La narrativa del despojo y la explotación se encuentra magistralmente detallada en la obra de Eduardo Galeano, Las Venas Abiertas de América Latina, quien argumenta que la riqueza de Europa se construyó sobre “la miseria de nuestra gente” y el saqueo de los recursos naturales de América Latina. Galeano sostiene que la división internacional del trabajo, impuesta por la “conquista”, condenó a las venas del continente a la “hemorragia” perpetua, una condición de subdesarrollo forzado que persiste hasta nuestros días. En este contexto, la explotación de la mano de obra indígena en las minas y haciendas, y la de los esclavos africanos en las plantaciones, son dos caras de la misma moneda. Ambos grupos fuimos las principales víctimas de un sistema económico global que nos convirtió en herramientas para la acumulación de capital, una realidad que se percibe en la invisibilización de nuestras historias y la negación de nuestros derechos fundamentales.
A pesar de la opresión, la resistencia fue una constante. Los indígenas nos rebelamos contra la encomienda y el tributo, y los africanos esclavizados crearon comunidades de cimarrones, donde reconstruían sus vidas lejos del yugo de los amos. Es en este contexto de lucha donde las historias de ambos grupos se fusionan, especialmente en zonas de refugio y mestizaje. El estado de Guerrero es un ejemplo paradigmático de esta confluencia. La Costa Chica de Guerrero, hogar de comunidades como Cuajinicuilapa, ha sido históricamente un territorio de encuentro entre poblaciones africanas e indígenas. La llegada de personas esclavizadas a los puertos de Acapulco y Veracruz, y su posterior dispersión en haciendas ganaderas y de caña de azúcar, propició un mestizaje cultural y biológico que dio origen a lo que hoy se conoce como la población afromexicana o afroindígena. En esta región, la cultura, la música, la danza (como la “Danza de los Diablos”) y la cosmovisión son un testimonio vivo de esa rica fusión.
En la lucha por la independencia de México, la participación de los afrodescendientes e indígenas fue crucial, a menudo liderada por figuras que representaban esa “tercera raíz”. Personajes como Vicente Guerrero, segundo presidente de México, o el general José María Morelos y Pavón, a quienes se les atribuye herencia afrodescendiente, no solo combatieron por la libertad del país, sino también por la abolición de la esclavitud y la igualdad social. Su lucha, junto a la de otros como Valerio Trujano, evidenció que el movimiento de independencia no era solo una rebelión contra la Corona española, sino también una reivindicación de los derechos de los grupos históricamente marginados.

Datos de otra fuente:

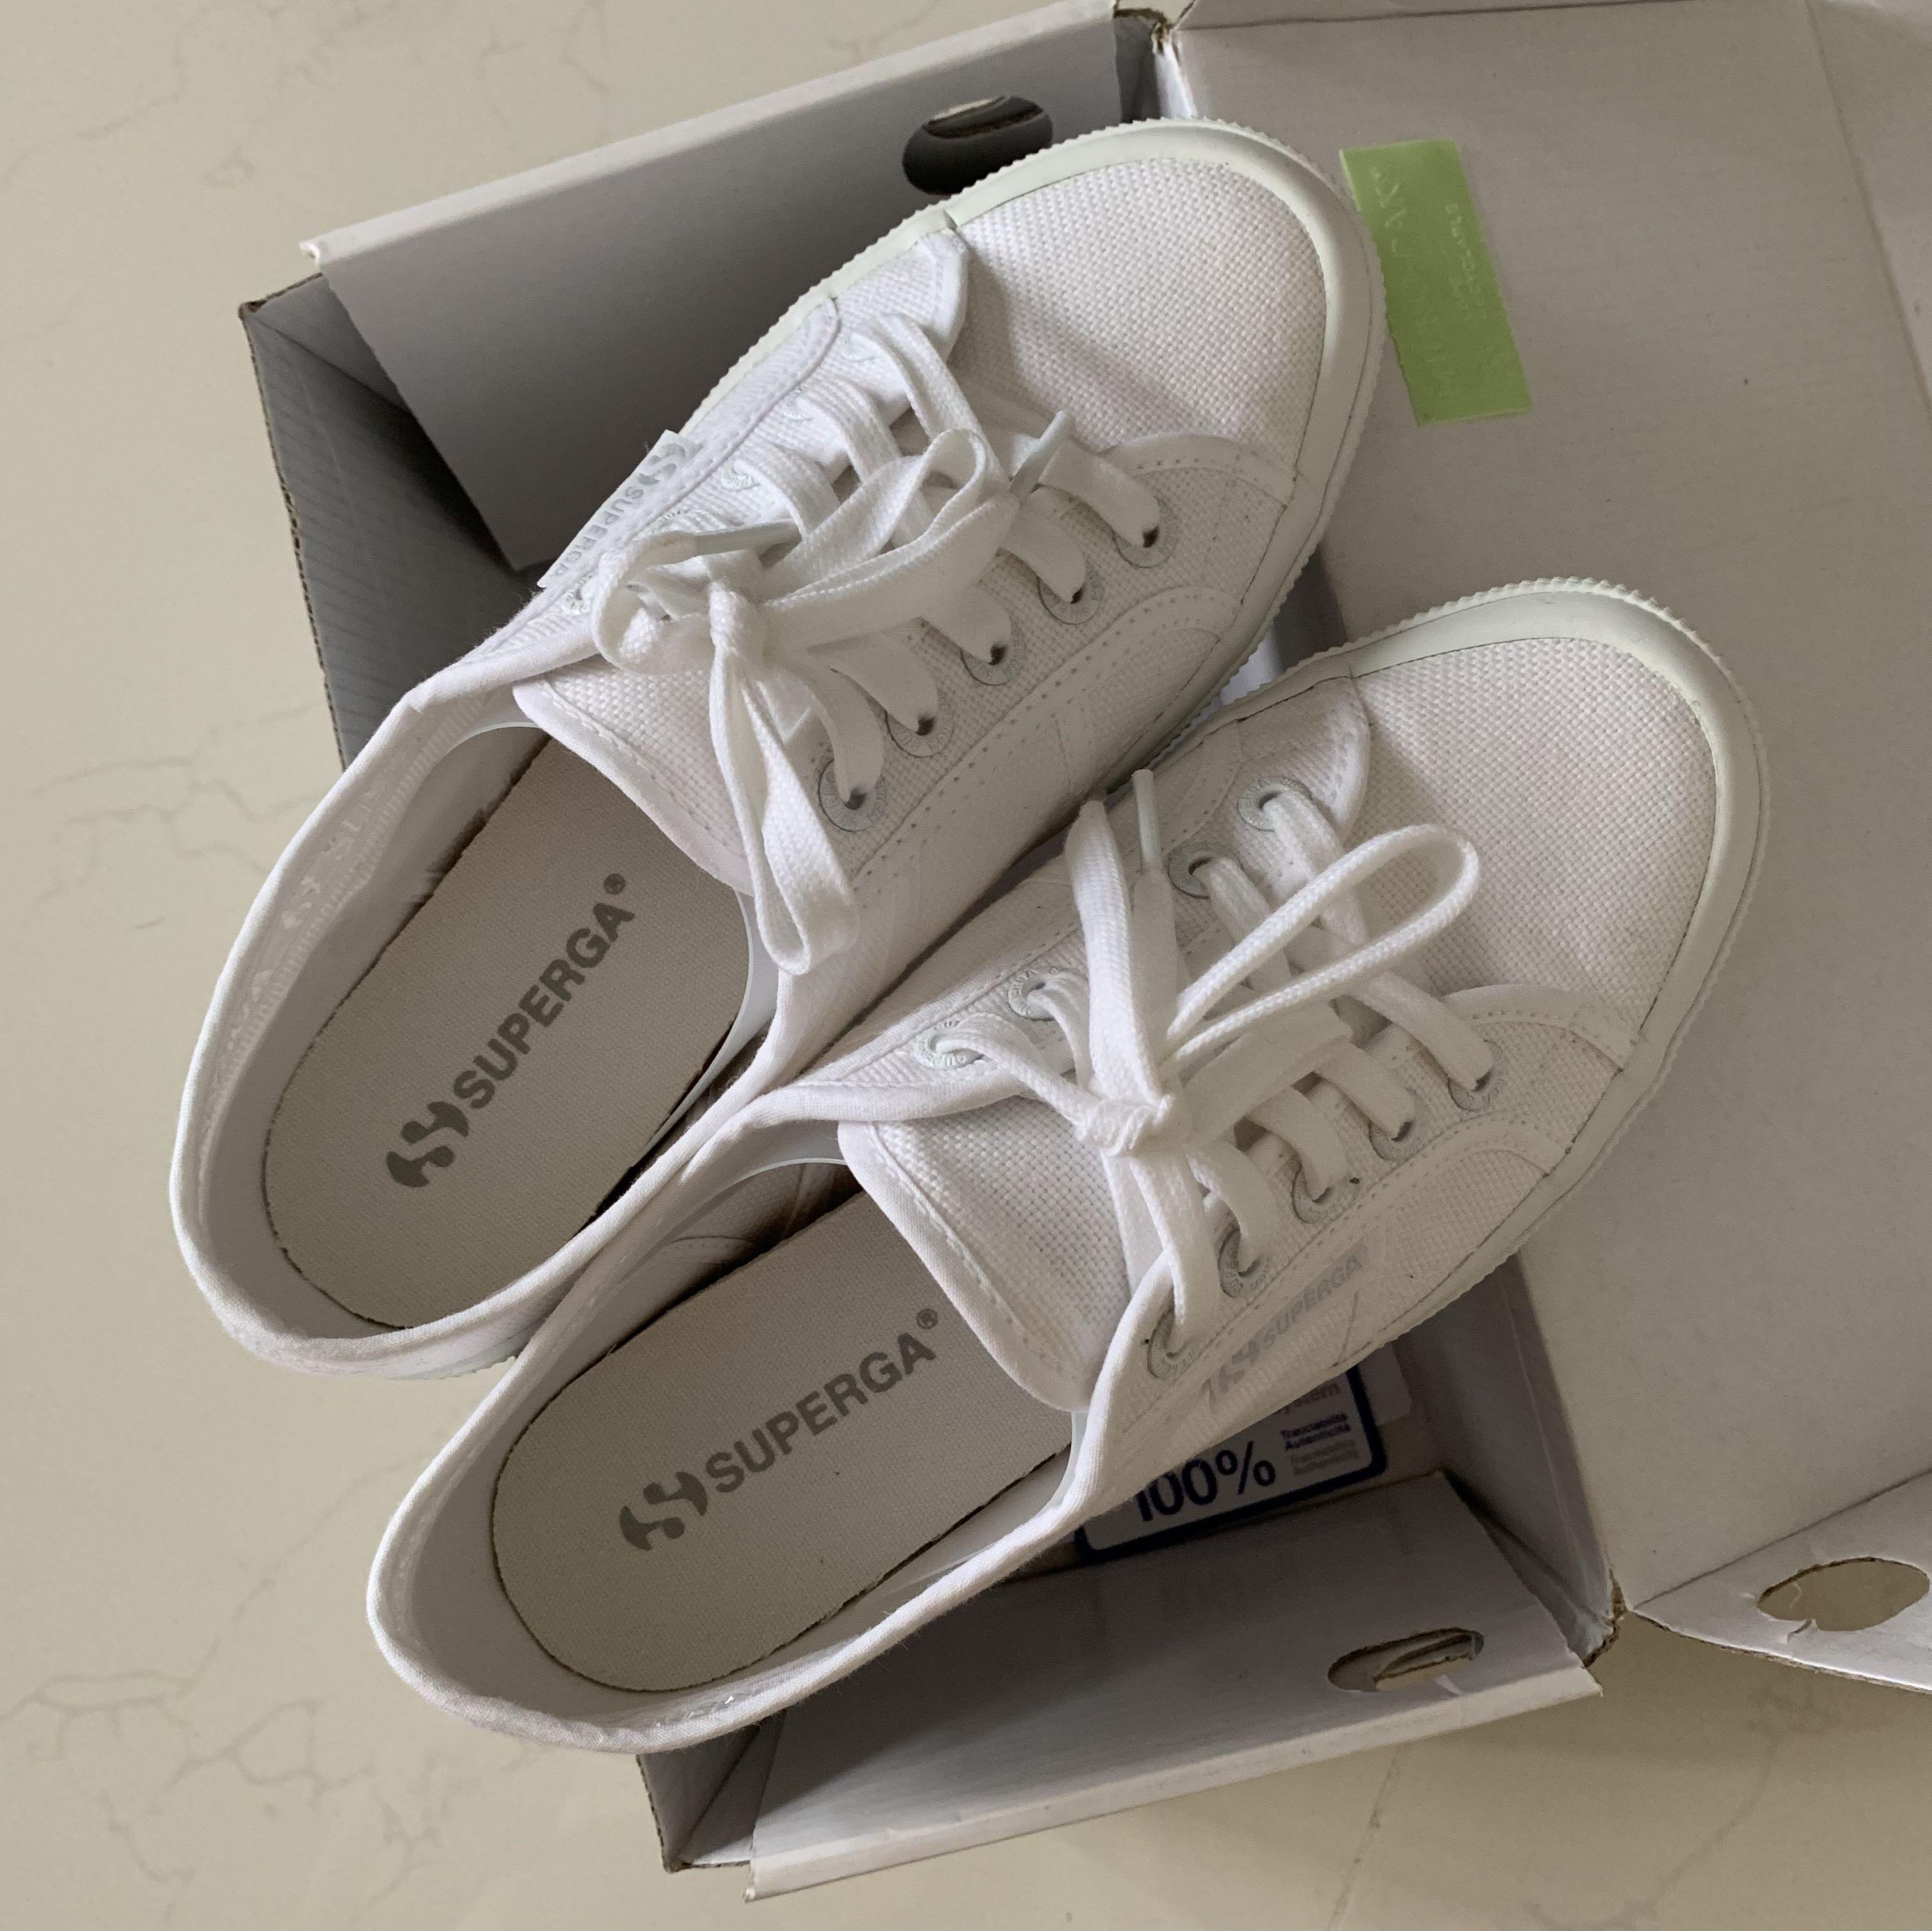 Superga 2750 Total White - Size 37

En la actualidad, el legado de la esclavitud y la colonización se manifiesta en las persistentes desigualdades sociales y económicas que enfrentan tanto las comunidades afrodescendientes como las indígenas. La marginación histórica, la falta de acceso a servicios básicos y la discriminación sistémica son realidades compartidas que demuestran que la lucha por el reconocimiento y la justicia está lejos de terminar. El Día Internacional de los Afrodescendientes nos recuerda que su historia no es un capítulo cerrado, sino un llamado a la acción para erradicar el racismo, valorar la diversidad cultural y trabajar por sociedades más equitativas. La experiencia compartida de afrodescendientes e indígenas, particularmente evidente en lugares como Guerrero, nos enseña que su lucha es una sola, unida por el hilo de la resistencia y la defensa de la dignidad humana.